AOS6 Topic 3: Confidence Intervals for Population Mean

In statistics, confidence intervals play a crucial role in estimating population parameters based on sample data.

When it comes to estimating the population mean, confidence intervals provide a range of values within which the true population mean is likely to fall. This statistical tool offers insights into the precision and reliability of our estimates, allowing us to make informed decisions and draw meaningful conclusions.

Definition:

A confidence interval for the population mean is a range of values calculated from sample data that is likely to contain the true population mean with a certain level of confidence. This level of confidence, often denoted by \(1 - \alpha\), where \(\alpha\) represents the significance level, reflects the probability that the interval contains the true population parameter. Commonly used confidence levels are 90%, 95%, and 99%.

Point Estimates

Suppose, for example, we are interested in the mean IQ score of all Year 12 mathematics students in Australia. The value of the population mean \( \mu \) is unknown. Collecting information about the whole population is not feasible, and so a random sample must suffice.

What information can be obtained from a single sample? Certainly, the sample mean \( \bar{x} \) gives some indication of the value of the population mean \( \mu \), and can be used when we have no other information.

The value of the sample mean \( \bar{x} \) can be used to estimate the population mean \( \mu \). Since this is a single-valued estimate, it is called a point estimate of \( \mu \).

Thus, if we select a random sample of 100 Year 12 mathematics students and find that their mean IQ is 108.6, then the value \( \bar{x} = 108.6 \) serves as an estimate of the population mean \( \mu \).

Interval Estimates

The value of the sample mean \( \bar{x} \) obtained from a single sample is going to change from sample to sample, and while sometimes the value will be close to the population mean \( \mu \), at other times it will not. To use a single value to estimate \( \mu \) can be rather risky. What is required is an interval that we are reasonably sure contains the parameter value \( \mu \).

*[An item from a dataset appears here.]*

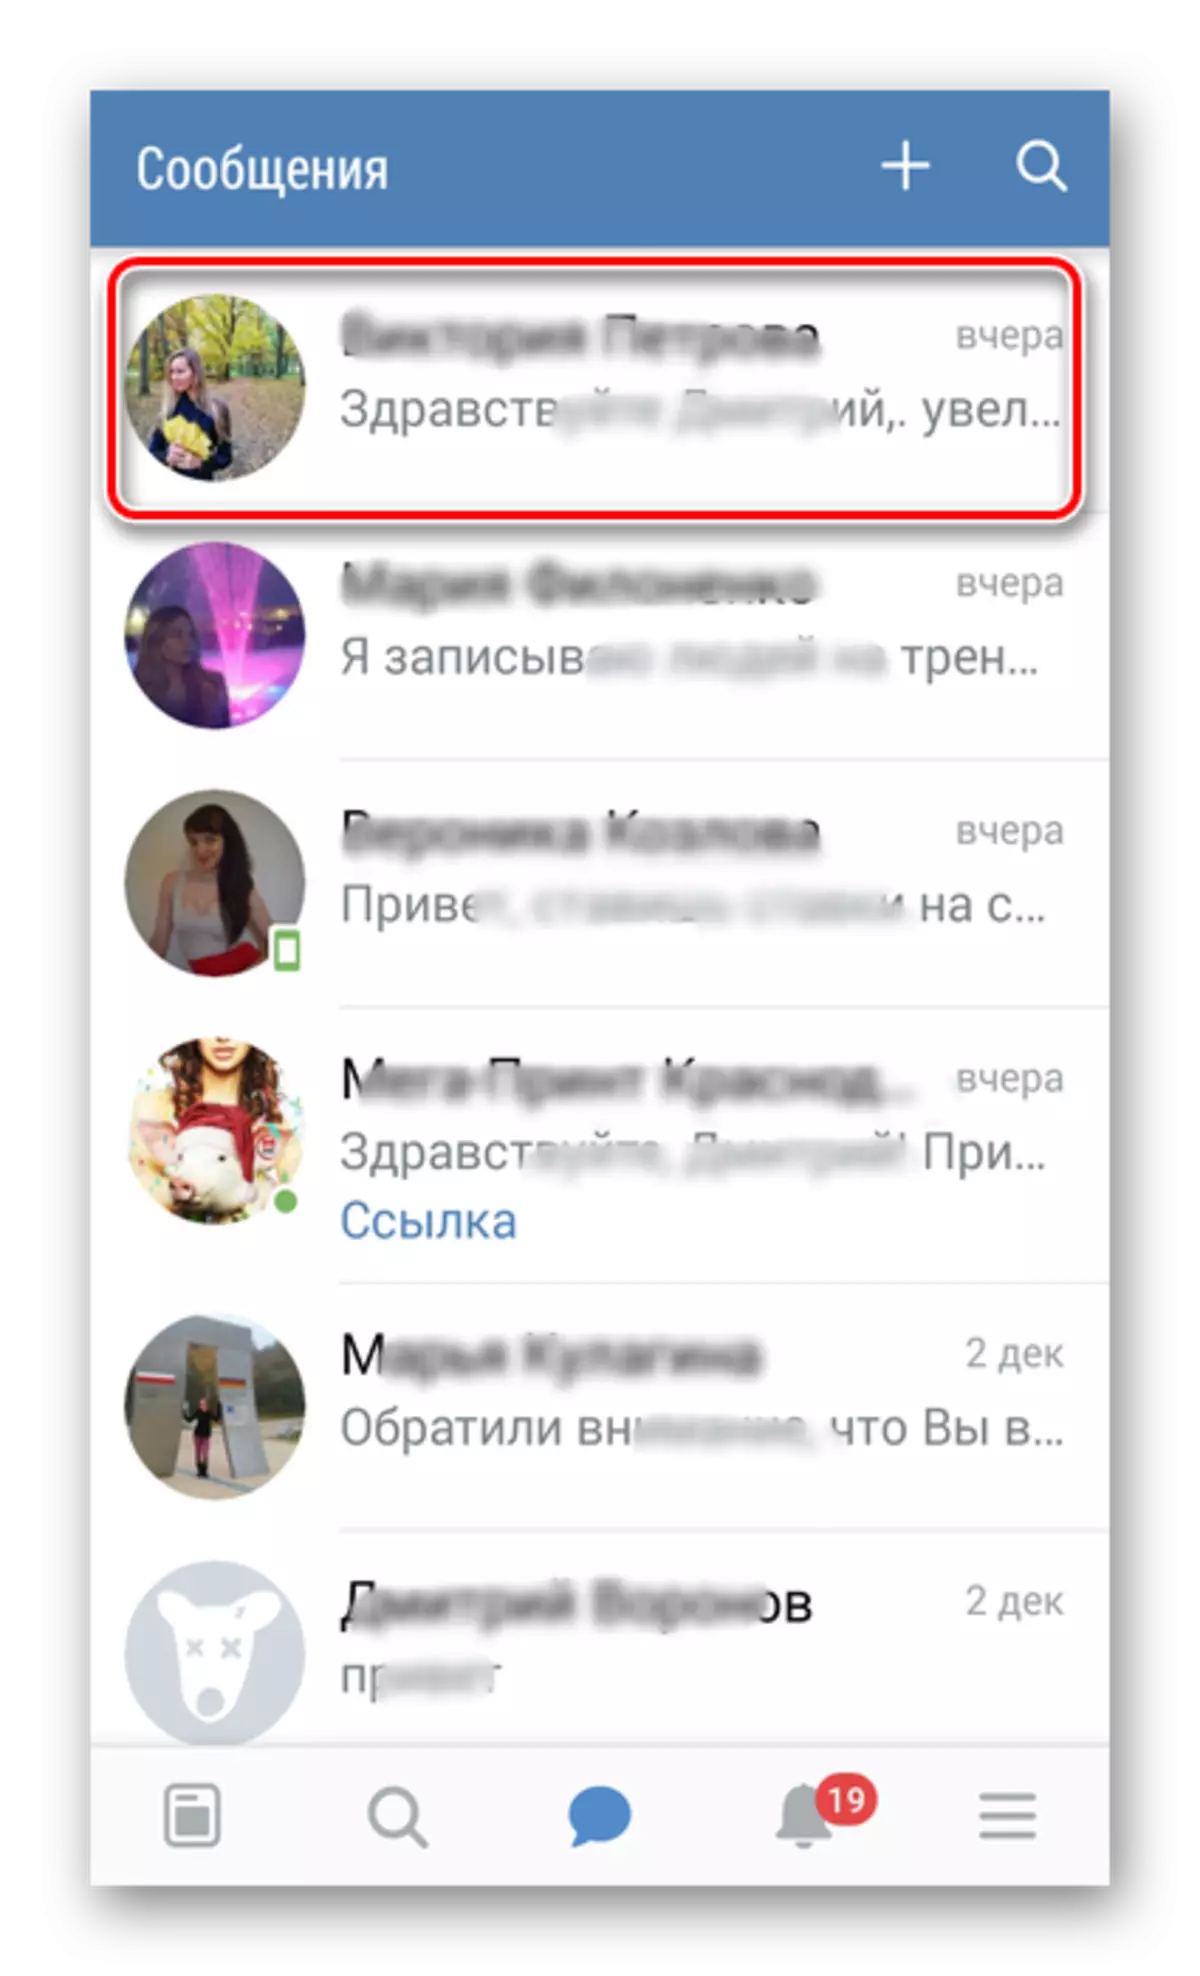 Vkontakte-д яриа руу шилжих

An interval estimate for the population mean \( \mu \) is called a confidence interval for \( \mu \).

95% Confidence Interval

An approximate 95% confidence interval for \( \mu \) is given by

\( \left[\bar{x} - 1.9600 \frac{\sigma}{\sqrt{n}}, \bar{x} + 1.9600 \frac{\sigma}{\sqrt{n}}\right] \)

where:

\( \mu \) is the population mean (unknown)
\( \bar{x} \) is a value of the sample mean
\( \sigma \) is the value of the population standard deviation
\( n \) is the size of the sample from which \( \bar{x} \) was calculated

Central Limit Theorem

Let \( X \) be any random variable, with mean \( \mu \) and standard deviation \( \sigma \). Then, provided that the sample size \( n \) is large enough, the distribution of the sample mean \( \bar{X} \) is approximately normal with mean \( E(\bar{X}) = \mu \) and standard deviation \( \text{sd}(\bar{X}) = \frac{\sigma}{\sqrt{n}} \).

Approximate 95% Confidence Intervals

Central limit theorem tells us that, whatever the underlying distribution of the random variable \( X \), if the sample size \( n \) is large, then the sampling distribution of \( \bar{X} \) is approximately normal with \( E(\bar{X}) = \mu \) and \( \text{sd}(\bar{X}) = \frac{\sigma}{\sqrt{n}} \).

For the standard normal random variable \( Z \), we have \( \text{Pr}(-1.9600 < Z < 1.9600) = 0.95 \).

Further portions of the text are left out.